The task of image captioning, widely acclaimed in the field of computer vision, aims to depict the content of an image, wielding a significant impact on people’s lives. Present methodologies for this task typically involve extracting global and local features to capture both overall and intricate details within images. However, the former, reliant on high-level, low-resolution grid features, when directly inputted into transformer encoders, may falter in establishing robust correlations between individual grids, thereby leading to the loss of relationship information between grid features. Additionally, the latter, utilizing region features derived from object detectors, may hinder transformers from comprehending the semantic relationships among regions, resulting in semantic information loss. To tackle these challenges, we introduce a novel Dual Dynamic Transformer (D

^{2}

T) framework for image captioning, amalgamating the benefits of dynamic grid features and dynamic region features. Specifically, the Dynamic Pseudo-regions Grid (DPG) encoder enhances the strong correlation between grid features by grouping the attention of different grids and dynamically generating pseudo-regions, facilitating superior fusion with region features. Furthermore, the Dynamic Multi-Level Relation Region (DMR

^{2}

) encoder augments the comprehension of semantic relationships among various region features through attention-based multi-level relations. In the encoding phase, to seamlessly integrate dynamic grid features and dynamic region features, we propose a feature fusion module for combining these two distinct feature types. Moreover, additional experiments conducted on the MSCOCO dataset demonstrate that our model achieves state-of-the-art performance without incurring additional parameter overhead.

查看原文本刊更多论文

用于图像字幕的双动态变压器

在计算机视觉领域广受赞誉的图像字幕任务旨在描述图像的内容，对人们的生活产生重大影响。目前用于此任务的方法通常包括提取全局和局部特征，以捕获图像中的总体和复杂细节。然而，前者依赖于高水平、低分辨率的网格特征，当直接输入到变压器编码器中时，可能会在建立单个网格之间的鲁棒相关性时出现问题，从而导致网格特征之间关系信息的丢失。此外，后者利用来自目标检测器的区域特征，可能会阻碍变形器理解区域之间的语义关系，从而导致语义信息丢失。为了解决这些挑战，我们引入了一种新的双动态变压器（D2T）框架用于图像字幕，融合了动态网格特征和动态区域特征的优点。其中，动态伪区域网格（Dynamic Pseudo-regions Grid， DPG）编码器通过对不同网格的注意力进行分组并动态生成伪区域，增强了网格特征之间的强相关性，便于与区域特征进行更好的融合。此外，动态多层次关系区域（DMR2）编码器通过基于注意的多层次关系增强了对各个区域特征之间语义关系的理解。在编码阶段，为了无缝集成动态网格特征和动态区域特征，我们提出了一种特征融合模块，将这两种不同的特征类型结合起来。此外，在MSCOCO数据集上进行的其他实验表明，我们的模型在不产生额外参数开销的情况下实现了最先进的性能。

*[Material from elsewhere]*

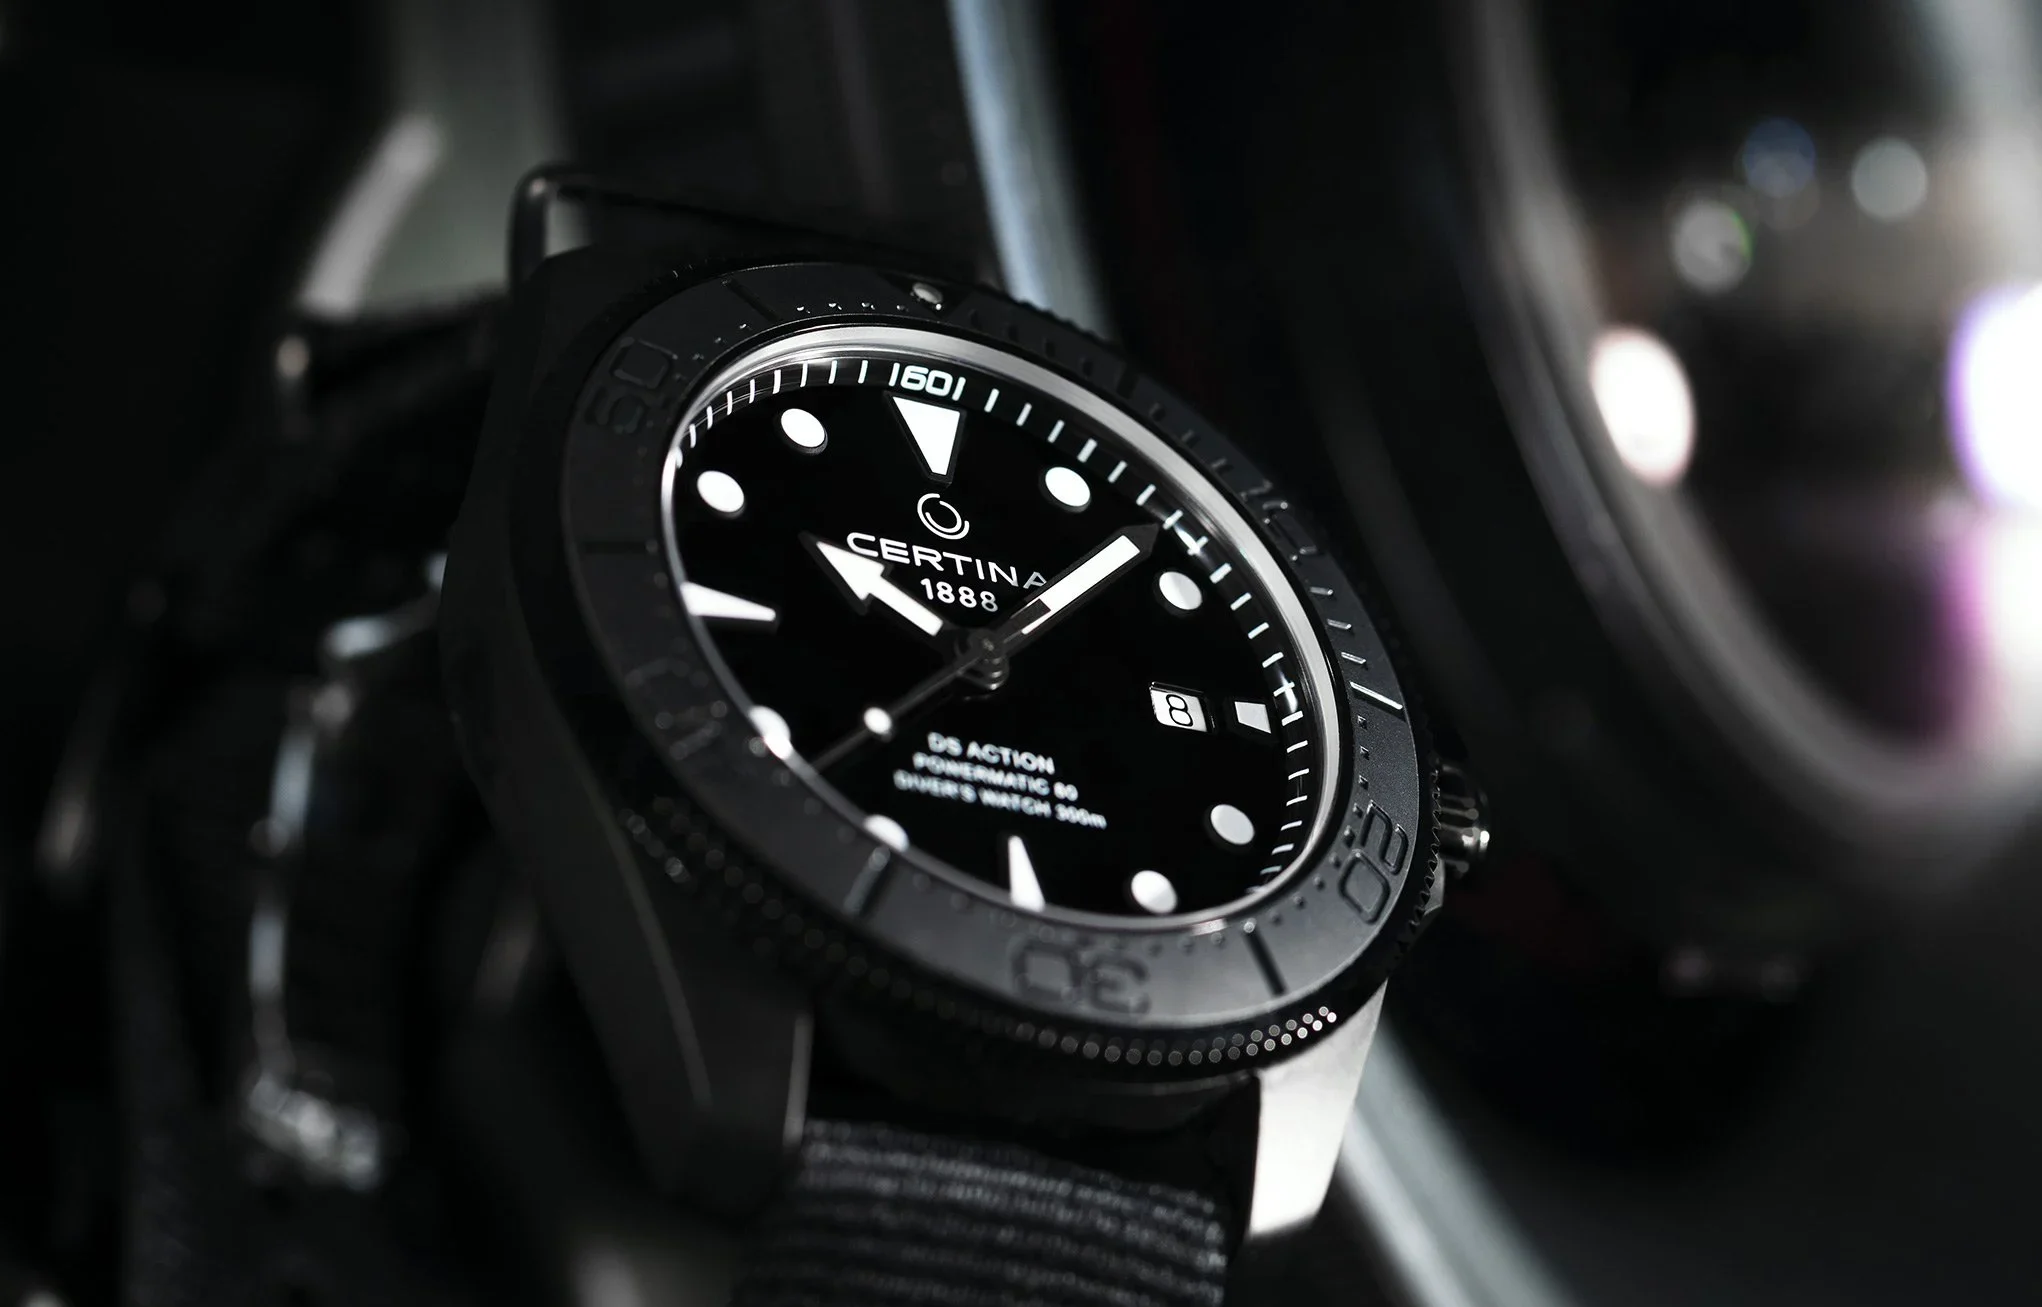 Certina Introduces Two Very Different and Intriguing Dive Watches to DS Action Diver Lineup

本文章由计算机程序翻译，如有差异，请以英文原文为准。

求助全文

约1分钟内获得全文求助全文

来源期刊

Expert Systems with Applications 工程技术-工程：电子与电气

CiteScore

13.80

自引率

10.60%

发文量

2045

审稿时长

8.7 months

期刊介绍： Expert Systems With Applications is an international journal dedicated to the exchange of information on expert and intelligent systems used globally in industry, government, and universities. The journal emphasizes original papers covering the design, development, testing, implementation, and management of these systems, offering practical guidelines. It spans various sectors such as finance, engineering, marketing, law, project management, information management, medicine, and more. The journal also welcomes papers on multi-agent systems, knowledge management, neural networks, knowledge discovery, data mining, and other related areas, excluding applications to military/defense systems.